«Ездил помолиться к мощам св. Князя Александра Невского. Зашел к наместнику Лавры, архимандриту Исаи, был в Казанском соборе и в роте».
«Вчера два раза был в роте. Стараюсь исправить все, что не совсем в порядке, желая сдать роту в полном блеске. Завожу мраморную доску с именами всех командиров роты Его Величества, бывшей с основания полка, т. е. с 1730 г. и до 1797 гренадерскою, а потом до 1825 ротою Его Величества. Я счетом 27-й командир роты».
«Заказываю икону Св. Троицы в батальонную столовую в память моего трехмесячного заведования продовольствием первых четырех рот. Запасаюсь книгами и руководствами к командованию отдельной частью. Начал с книги Карцева. Читаю и историю Преображенского полка».
«За семейным обедом у Сергея Государь взглянул на меня… поднял стакан вина и проговорил: „Измайловский полк!“ За 7 лет службы в полку я ни разу не слыхал этого от Государя».
* * *Все эти дни у Константина болела голова. Волнения, суета, внимание петербургского общества. «Собою владеть ты умей, научиться пора хладнокровью…» Он только в стихах умел давать подобные советы. Сам был спокоен только внешне, все бури носил в сердце. «Оттого оно и не выдержало», — скажет через годы дочь Татьяна.
На фамильном царском обеде в Аничковом дворце всё семейство поздравляло Константина с почетным назначением. Когда встали из-за стола, Великий князь подошел поблагодарить Александра III за обед и за милость.
— Я рад, что это решено. Но сознайся, Костя, ты согласился не без борьбы?
Константин молча кивнул.
— И все-таки хорошо, что ты воспользовался случаем, а то Бог знает, когда еще ты дослужился бы до командования полком. — Государь улыбнулся улыбкой давнего друга молодости.
Что он имел в виду? Неумение Константина делать карьеру и его скромность? Или угадывал свою недолгую жизнь?
Незадолго до полуночи военный министр прислал приказ, которым Константин был произведен в полковники за отличие. Он явился на выход во дворец в густых эполетах, при шпорах. Государь поздравил и шутя сказал: «Ты теперь почти генерал и заважничаешь».
Дагмара прикрыла улыбку шелком веера, а взгляд был мягким.
* * *«Петербург. Пасха. — Я более не ротный командир.
На душе у меня грустно. Пришло это в светлый праздник. Я упрекал себя, что недостаточно благодарен Богу за те счастливейшие 7 лет, что командовал Измайловской ротой…
Люди выстроились в коридоре. Минкельде сказал, что хотя словами и нельзя выразить, что чувствуешь перед разлукой, но на прощанье хочется им благословить меня. Он вызвал Шапошникова. Вышел перед фронт Василий Александрович и заговорил: в руках у него была складная икона св. царя Константина и Николая-угодника, оббитая красным бархатом.

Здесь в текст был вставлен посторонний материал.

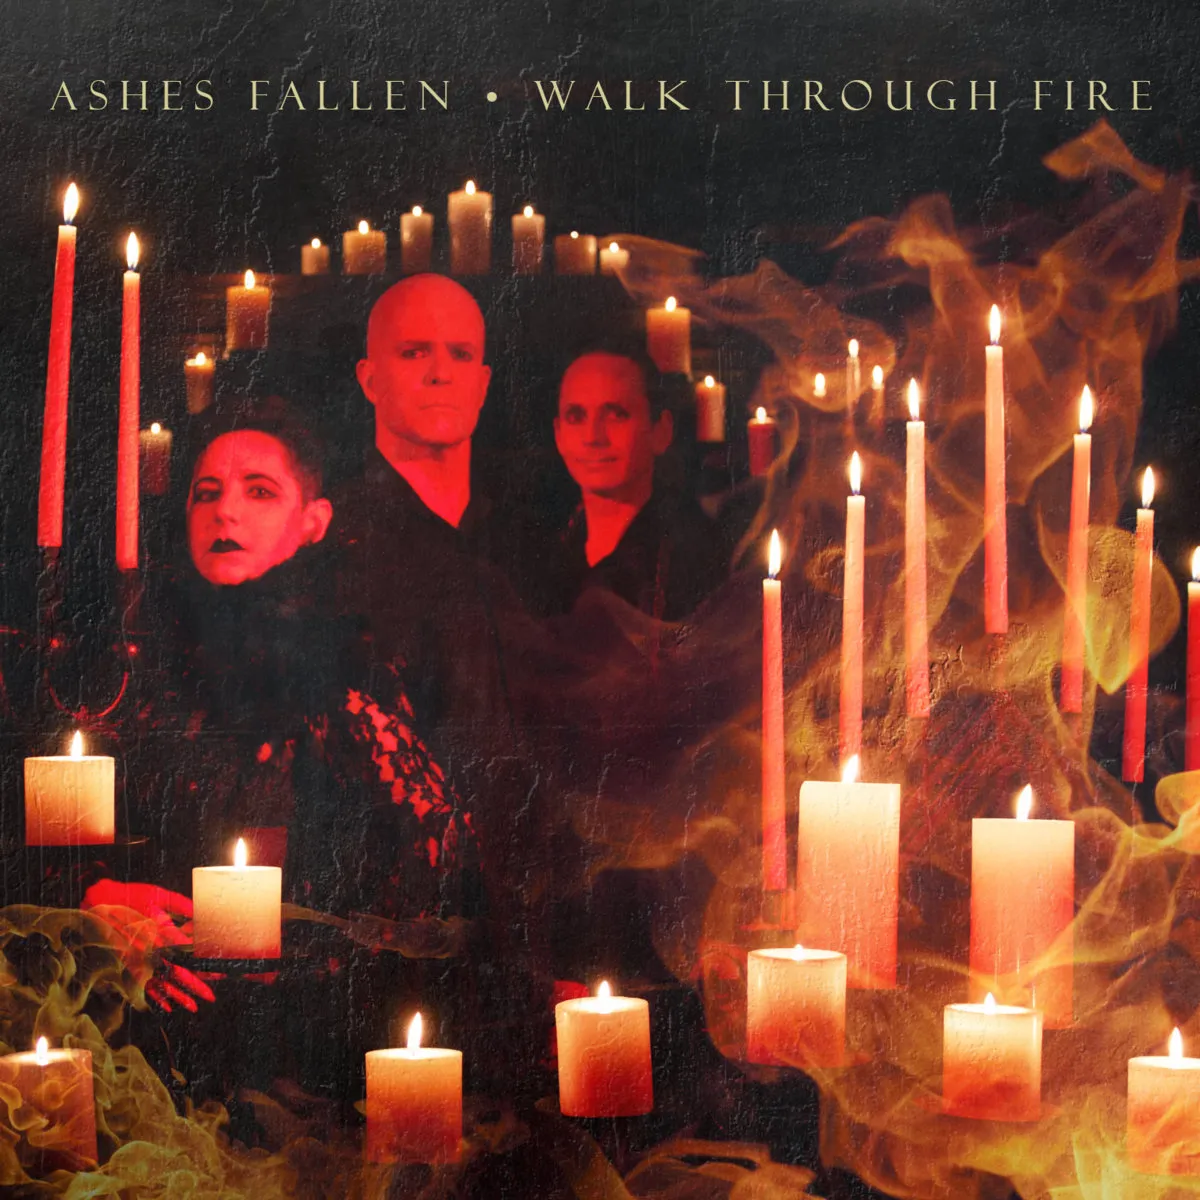 Album art courtesy of Ashes Fallen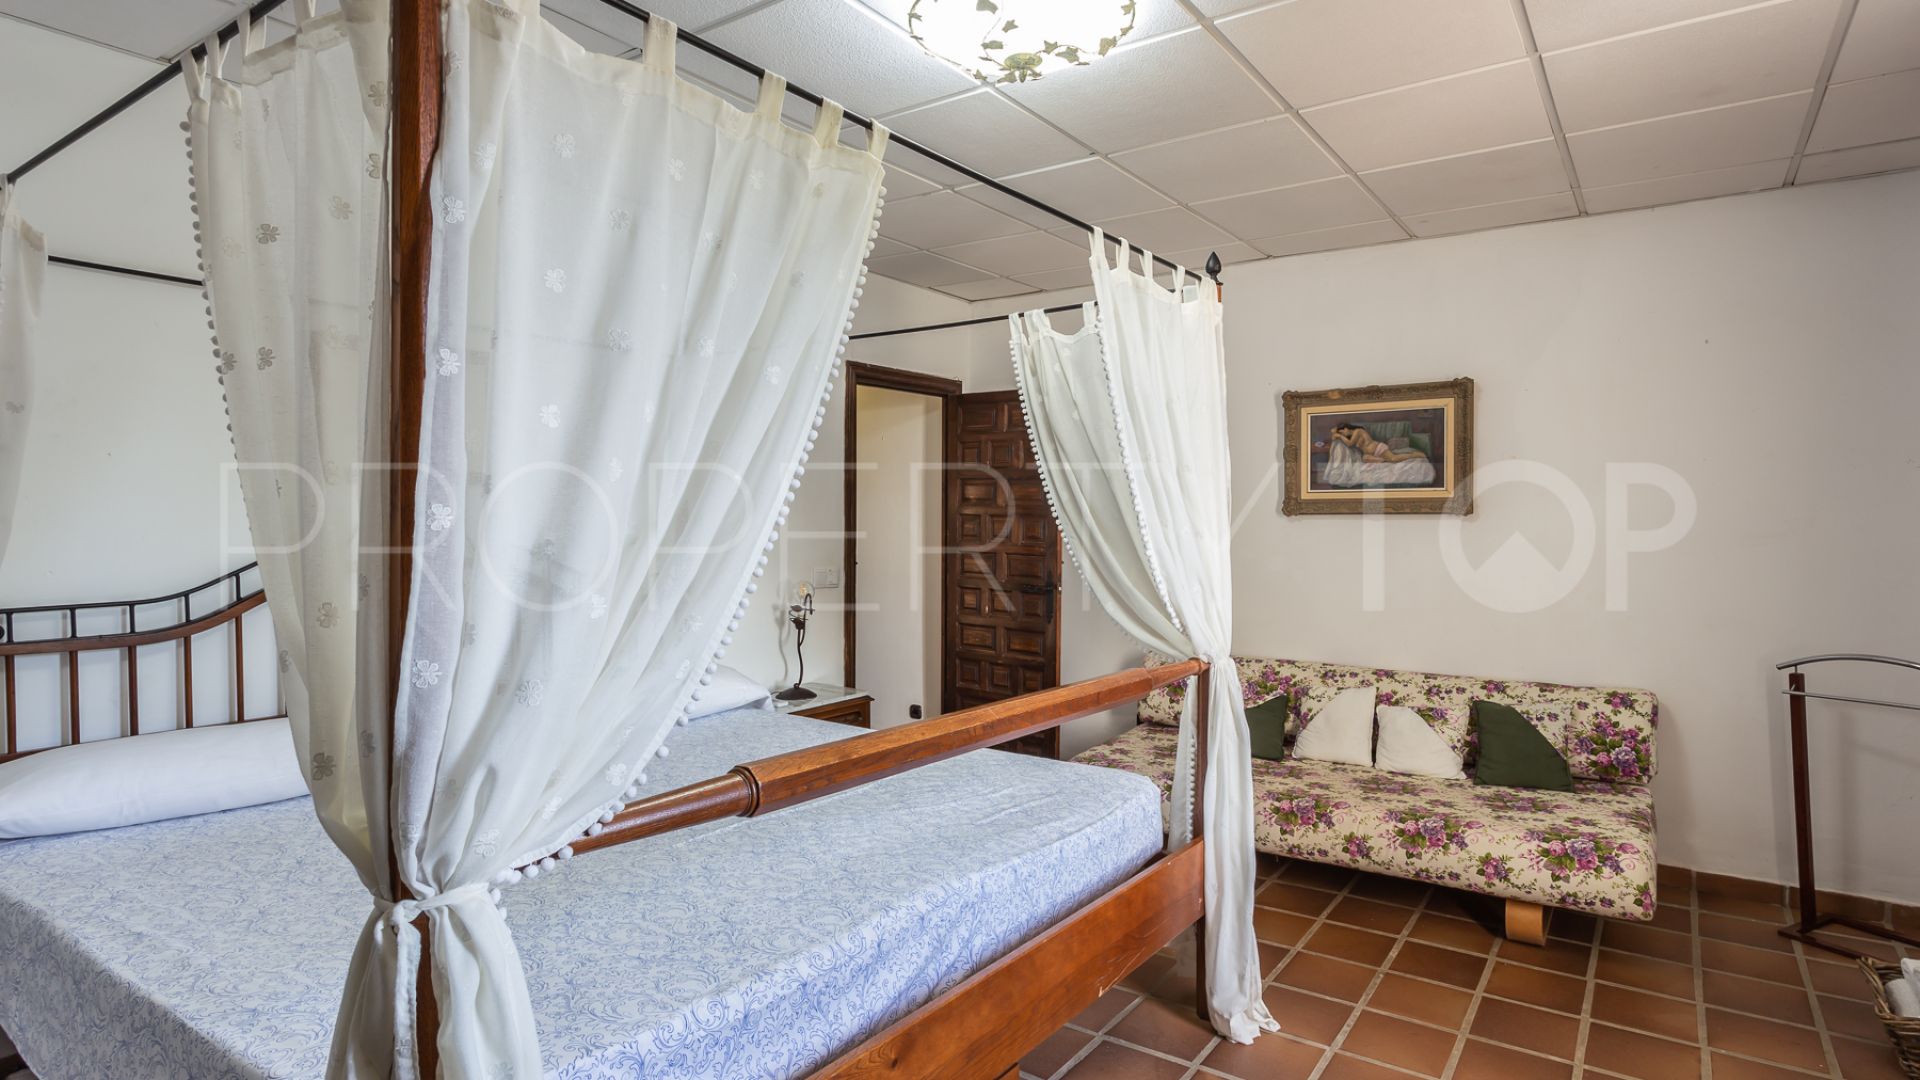 Estate for sale in Alcala de Guadaira with 13 bedrooms

Что он говорил — слово в слово не припомню, знаю только, что говорил хорошо, задушевно, со слезами в голосе. У меня тоже слезы выступили. Я велел людям зайти справа и слева и сам стал говорить… Потом с каждым поцеловался троекратно. Мне казалось, что я — словно покойник, и лежу в гробу, и что они один за другим подходят ко мне с последним целованием. Я сказал им: Христос с вами, — да только голос оборвался, и я окончательно заплакал».